= Kitchen Table: Women of Color Press =

Activist feminist press

Kitchen Table: Women of Color Press was an activist feminist press, closely related to the National Black Feminist Organization (NBFO), that was started in 1980 by Barbara Smith, Beverly Smith, Cherríe Moraga, and poet Audre Lorde. Beverly Smith and Barbara Smith, and their associate Demita Frazier, had together cofounded the Combahee River Collective (CRC). The Kitchen Table became inactive soon after Audre Lorde's death in 1992. The motivation for starting a press run by and for women of color was that "as feminist and lesbian of color writers, we knew that we had no options for getting published, except at the mercy or whim of others, whether in the context of alternative or commercial publishing, since both are white-dominated."

== Background ==
In the early 1970s, Barbara Smith was teaching courses about black women writers at Emerson College. However, she found that the books she required for her courses were often out of print and it was difficult to obtain specific novels. She has said that, "That was because nobody cared if Zora Neale Hurston's Their Eyes Were Watching God or Ann Petry's The Street was available.

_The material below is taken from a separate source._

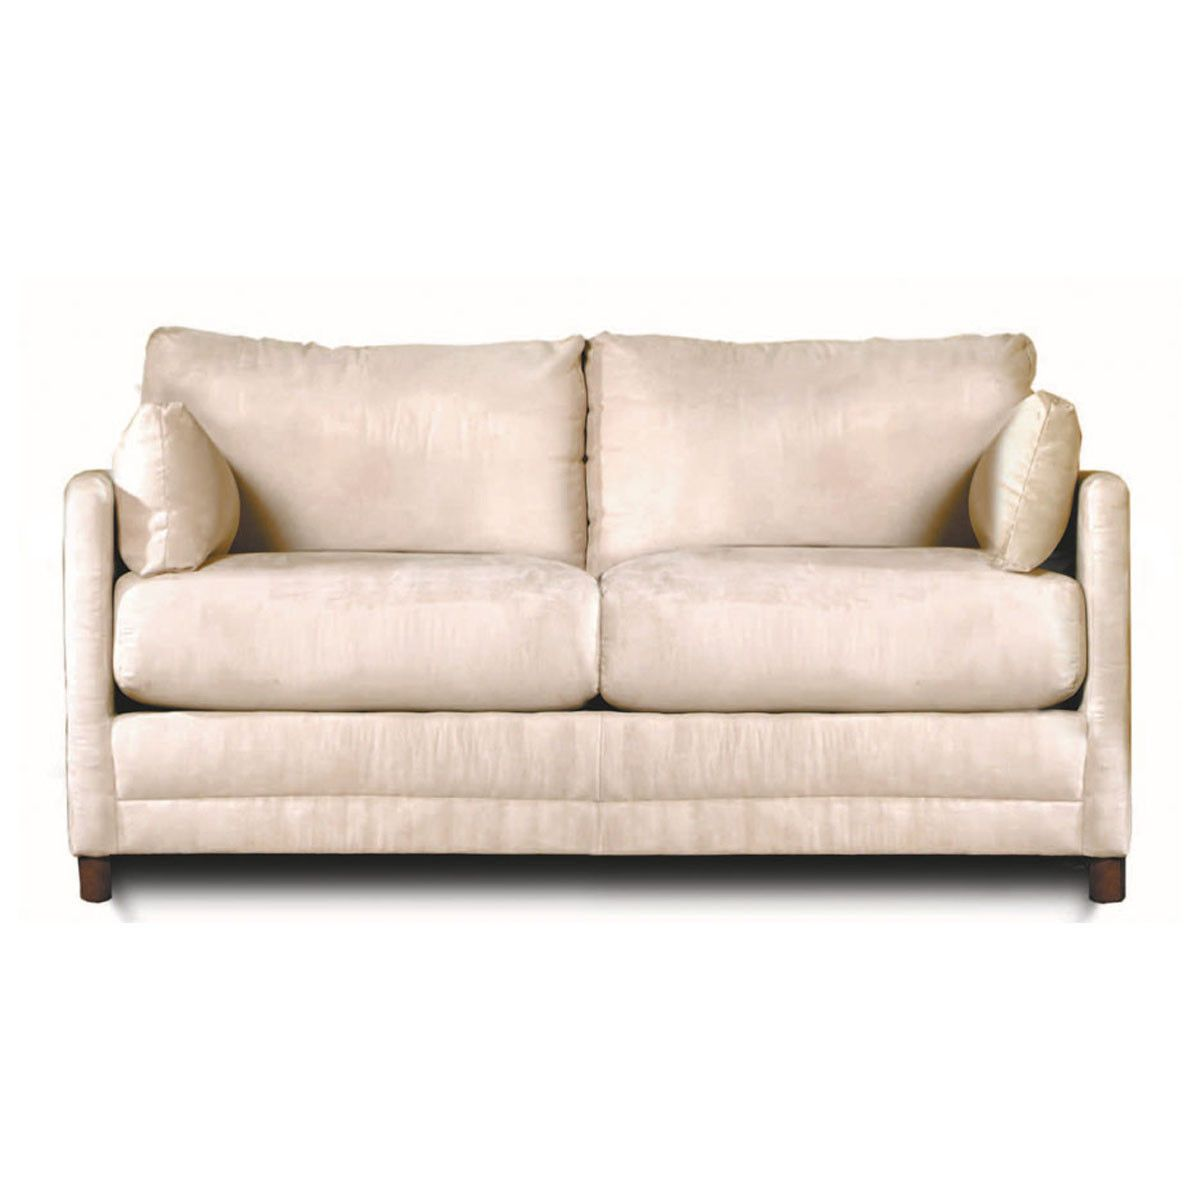 Softee Full Sleeper Sofa Sleeper sofas Full sleeper sofa and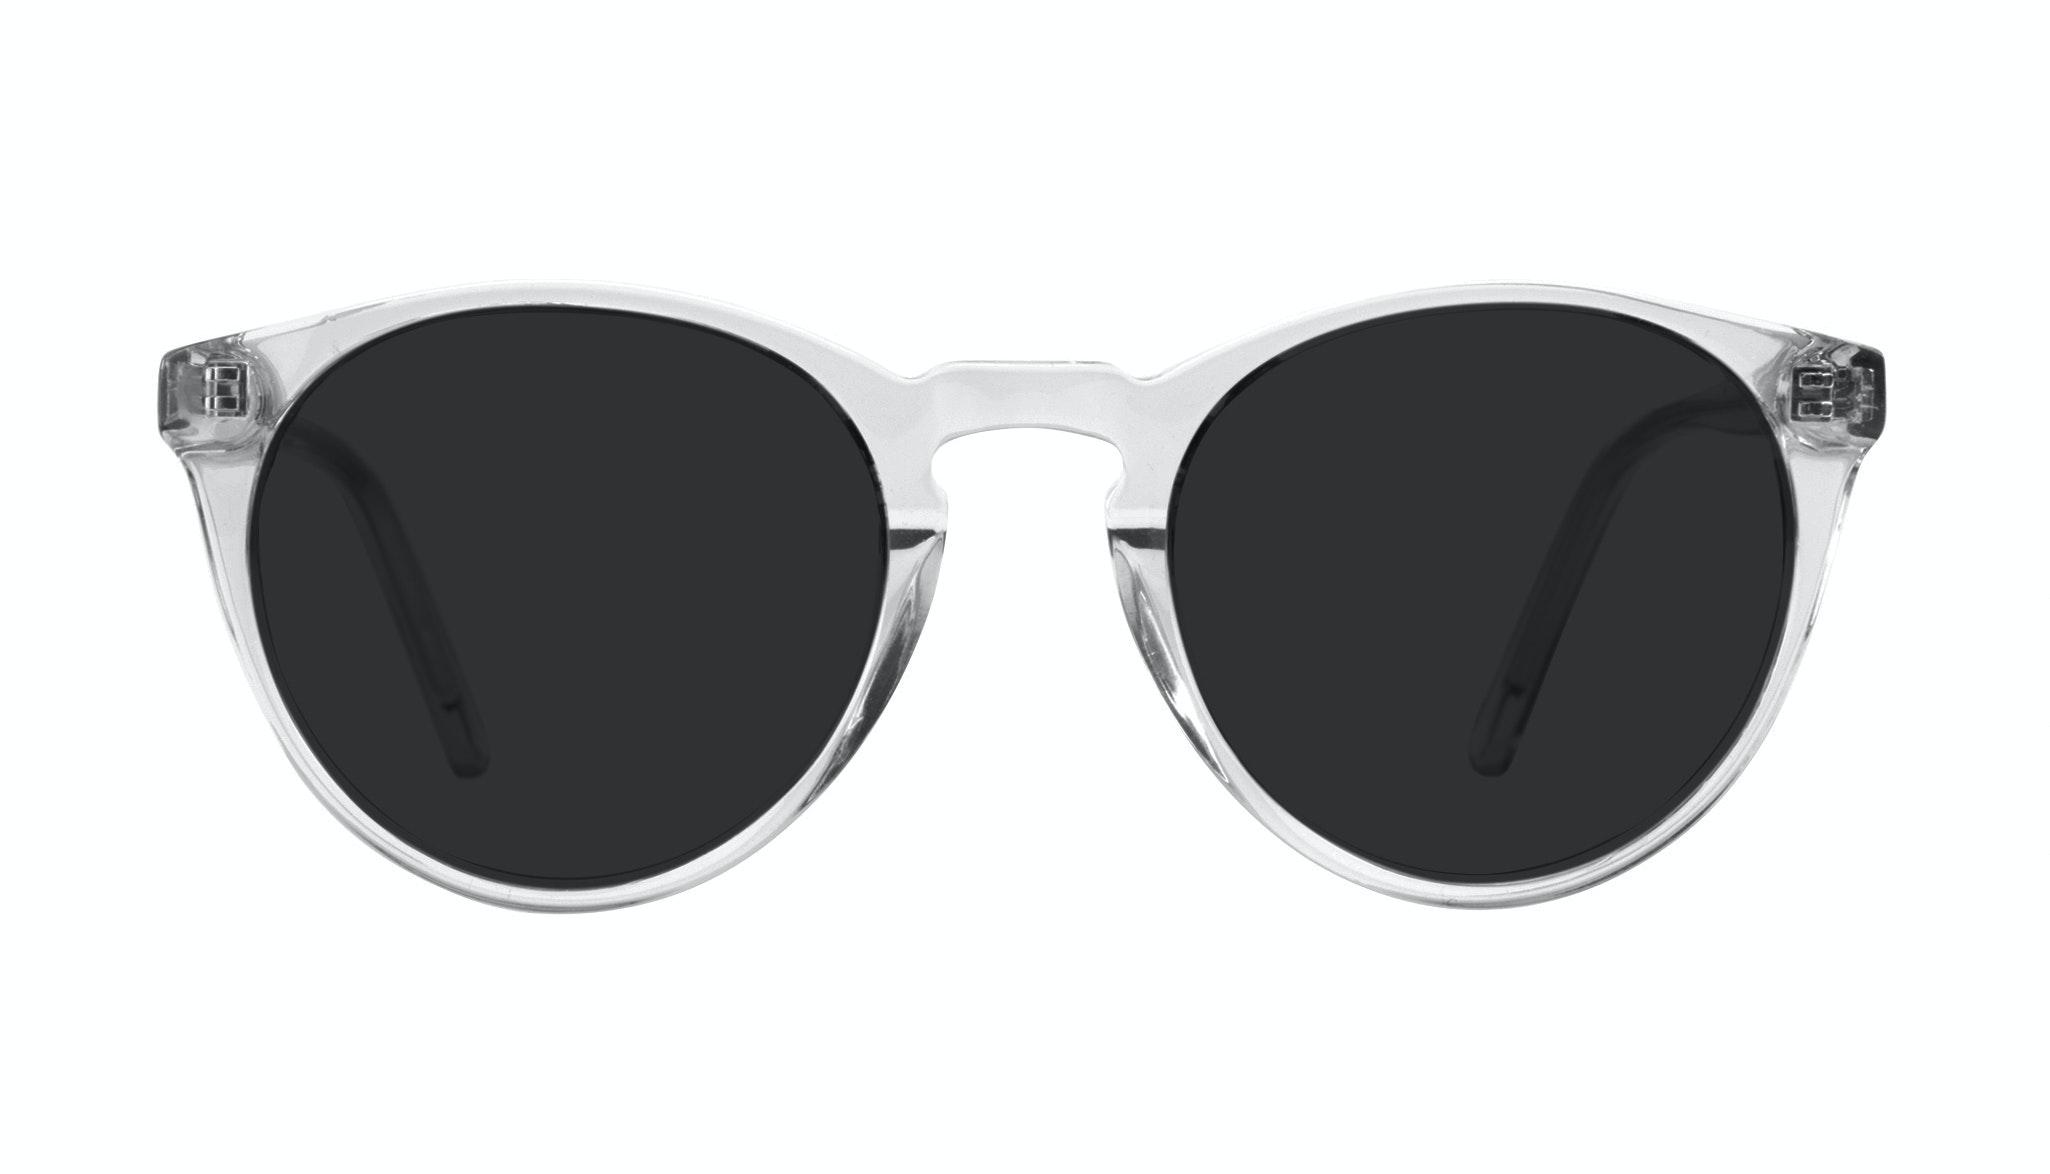 Affordable Fashion Glasses Round Sunglasses Men Arch Grey

People did not care because they were considered to be marginal and unimportant writers."

Another main factor that ultimately led to the development of Kitchen Table was the racism within the mainstream women's movement during the late 1970s and early 1980s. As a result, women of color decided to come up with their own alternative.

==Beginnings==
In her essay "A Press of our Own: Kitchen Table: Women of Color Press", founder Barbara Smith describes the beginnings of the press this way: "In October 1980, Audre Lorde said to me during a phone conversation, 'We really need to do something about publishing.'" Smith recounts how "it was at that meeting that Kitchen Table: Women of Color Press was born. We did not arrive at a name or announce our existence until a year later, but at that initial meeting we did decide to be a publisher for all women of color." In an interview with Joseph F. Beam in Blacklight Magazine, Lorde spoke to the need to "develop those structures (like Kitchen Table) that will present and circulate our culture." As a result of Lorde's suggestion, Smith assembled a group for a meeting on Halloween weekend in Boston, the home city of the press in its first year.

In 1981, Smith relocated the press to New York City after leaving the University of Massachusetts at Boston. However, on most of the press's publications, Latham, New York, near Albany, is listed as the place of publication. Smith, Lorde, Cherríe Moraga, Hattie Gossett, Helena Byard, Susan Yung, Ana Oliveira, Rosío Alvarez, Alma Gomez and Leota Lone Dog are all considered co-founders of the organization. Smith explained the name of the press as "the kitchen is the center of the home, the place where women in particular work and communicate with each other." The imagery of the kitchen table refers to the organization's grassroots function.

==Goals==
The group decided that they would publish books aimed at promoting the writing of women of color of all racial/ethnic heritages, national origins, ages, socioeconomic classes, and sexual orientations. The target audience of the press was "not solely women of color or lesbians of color, but the entire gamut of our communities." The project resulted in the world's first publishing company run autonomously by women of color. Smith describes this as "one of (the group's) bravest steps", as "most people of color have chosen to work in their separate groups when they do media or other projects." The organization was founded on examining the specific situations and issues that women of color face.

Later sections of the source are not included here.